(神奈川県横須賀市長沢)

 

 

花さそふ嵐の庭の雪ならでふりゆくものはわが身なりけり

「百人一首」入道前太政大臣(にゅうどうさきのだいじょうだいじん)

 

 

今日は立川のクレア句会。

明日は高円寺のコングレ句会、その翌日、横須賀に帰る。

なんと! コングレ句会は今回、新規に3名が参加してくれる予定だ。

とてもうれしい。

この調子で増えていってくれるといいな~。

 

NHKの土曜ドラマ「さよならホスピタル」というドラマを見ていたら、見覚えのある海の風景が何度も映っていた。

私の家から歩いて15分ほど、私のいつもの海辺の散歩道に病院があり、そこでロケをやっているようだ。

私の住んでいる海辺はテレビドラマの撮影によく登場する。

特にNHKのドラマが多いようだが、民放の木村拓哉主演ドラマでもわが長沢の海の風景が登場していた。

東京から近いのと、鎌倉や横浜のような混雑がないから、撮影しやすいのだろう。

 

冒頭の歌、「入道前太政大臣」とは「元・太政大臣だった僧侶」という意味。

「太政大臣」は左大臣、右大臣より上位の最高位の官位で、藤原公経(ふじわらのきんつね)(1171~1244)のこと。

歌の意味は、

 

春の風は 花を誘い

花をまきあげ 吹き荒れる

ああ 花吹雪

雪のようじゃないか

いや 違う

あれは雪なんかじゃない

ふるといえば 古びてゆくもの

古びてゆくものと といったら

それは私の身だ

ー小池昌代・訳『百人一首』より-

 

花吹雪に佇む白髪の老人の様子が思い浮かぶ。

乱世を生き抜いた男の人生、歌に出てくる「雪」は「白髪」を暗示し、「花(桜)」は「これまでの人生」を象徴しているのであろうか。
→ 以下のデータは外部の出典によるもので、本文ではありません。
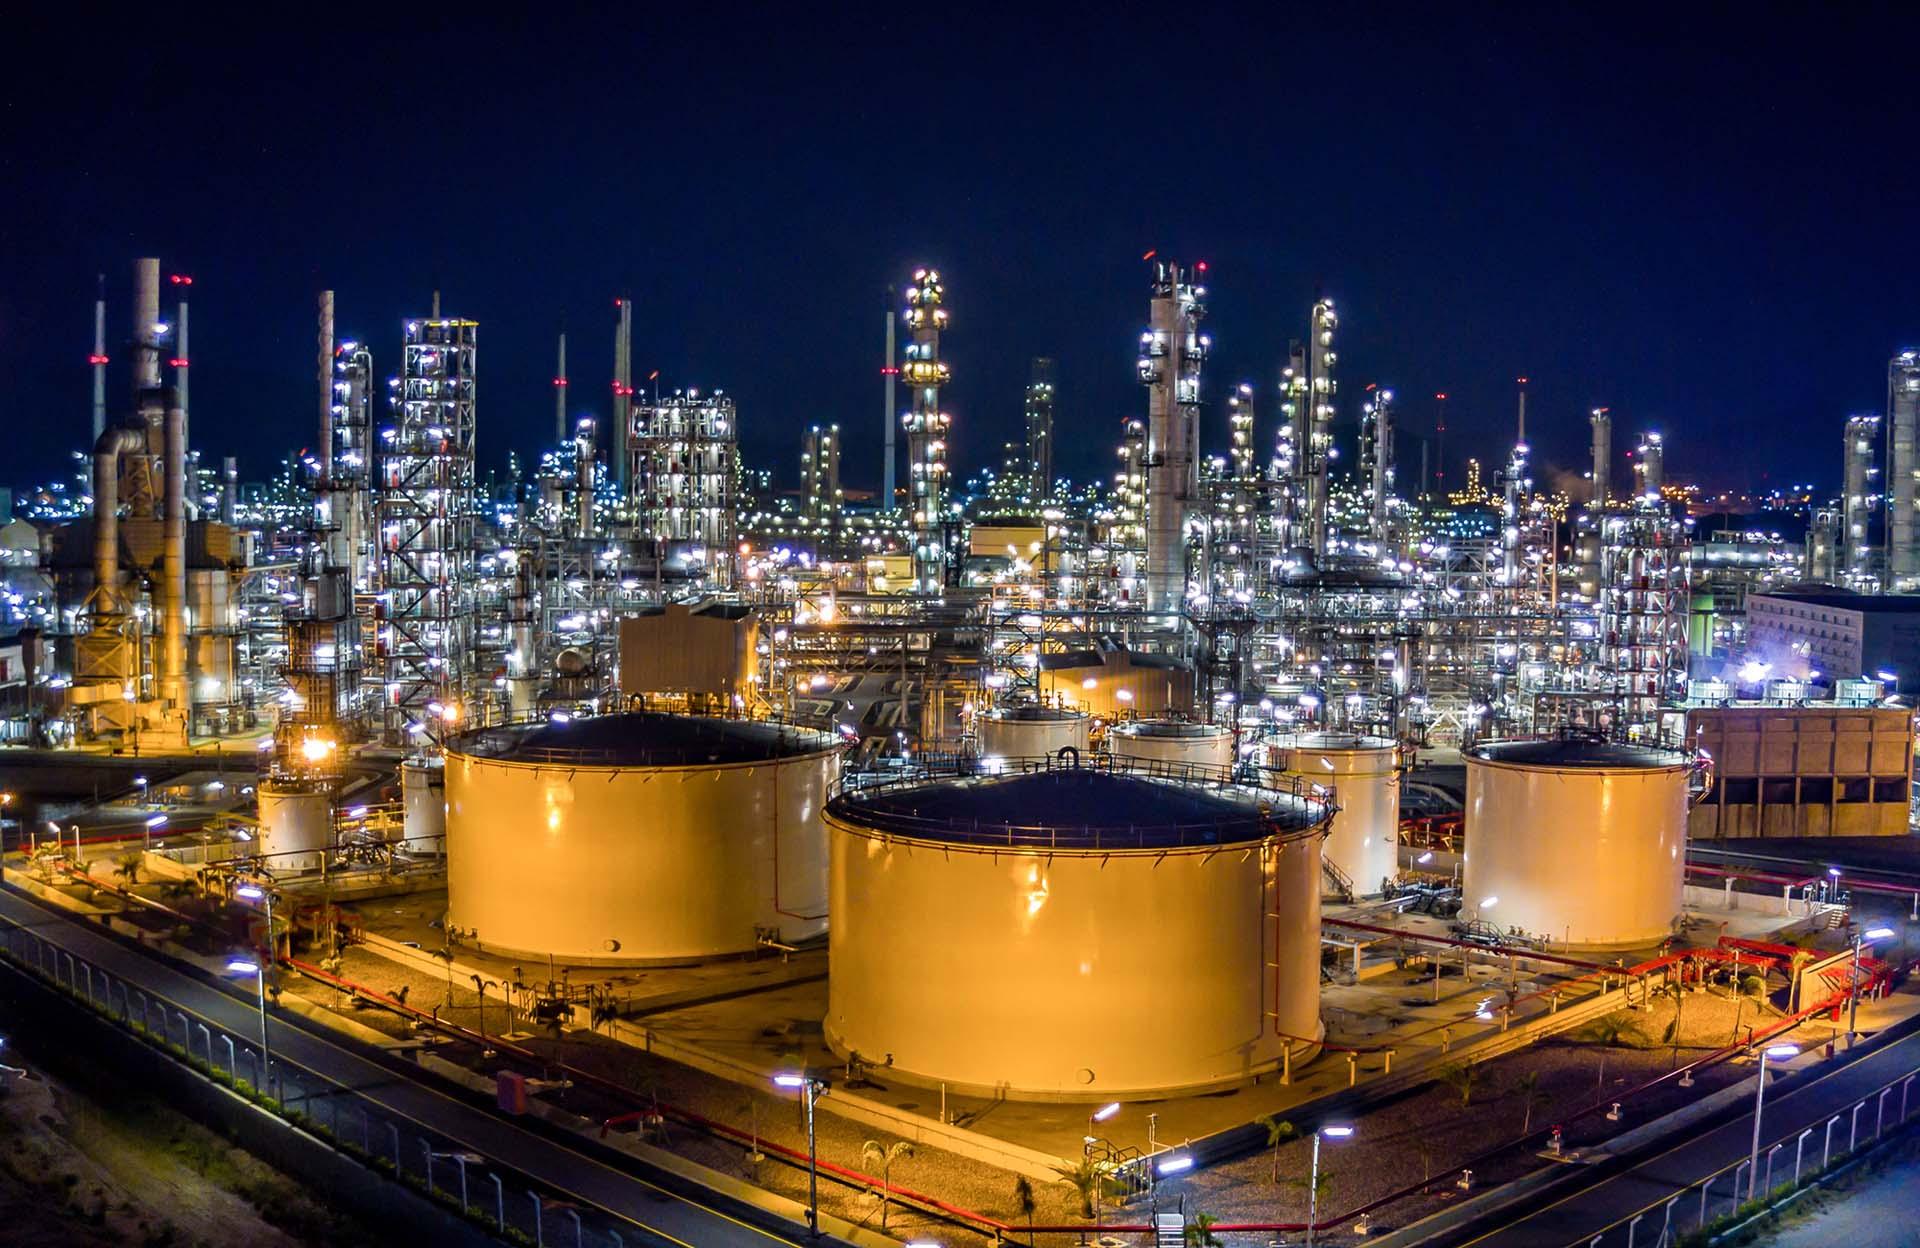 Aveva ofrece soluciones digitales en distintas industrias como minería, gas y petróleo.
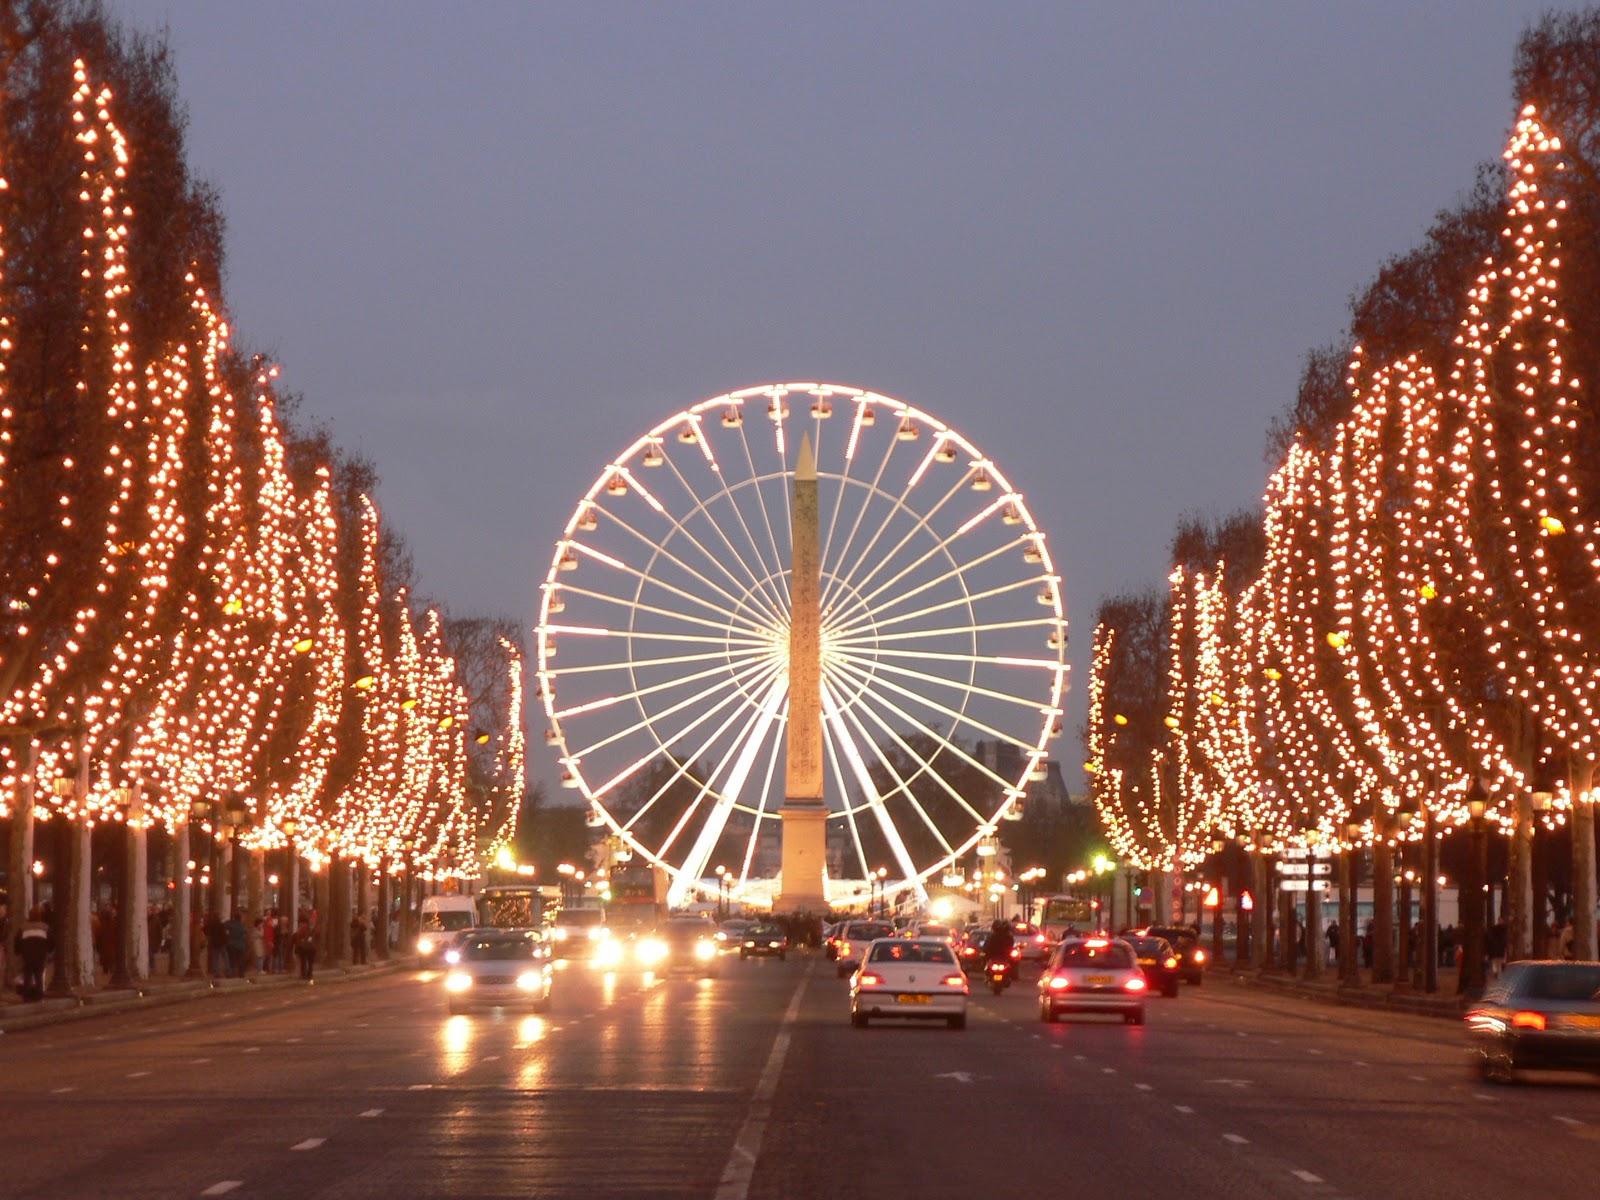 Paris Weihnachtsmarkt.Paris 2010 2011 Weihnachtsmarkt Auf Der Champs élysées

「人生の思い出」と「老い」が歌の中で交差しているのだ。


ドラマ「さよならホスピタル」も「末期症状の老人」が死を迎えるのみの病院の物語なので、「百人一首」のこの歌が心に染みた。

「ふり」には桜が「降る」と、わが身が「古る」を掛けている。

「ふりゆくものはわが身なりけり」か…。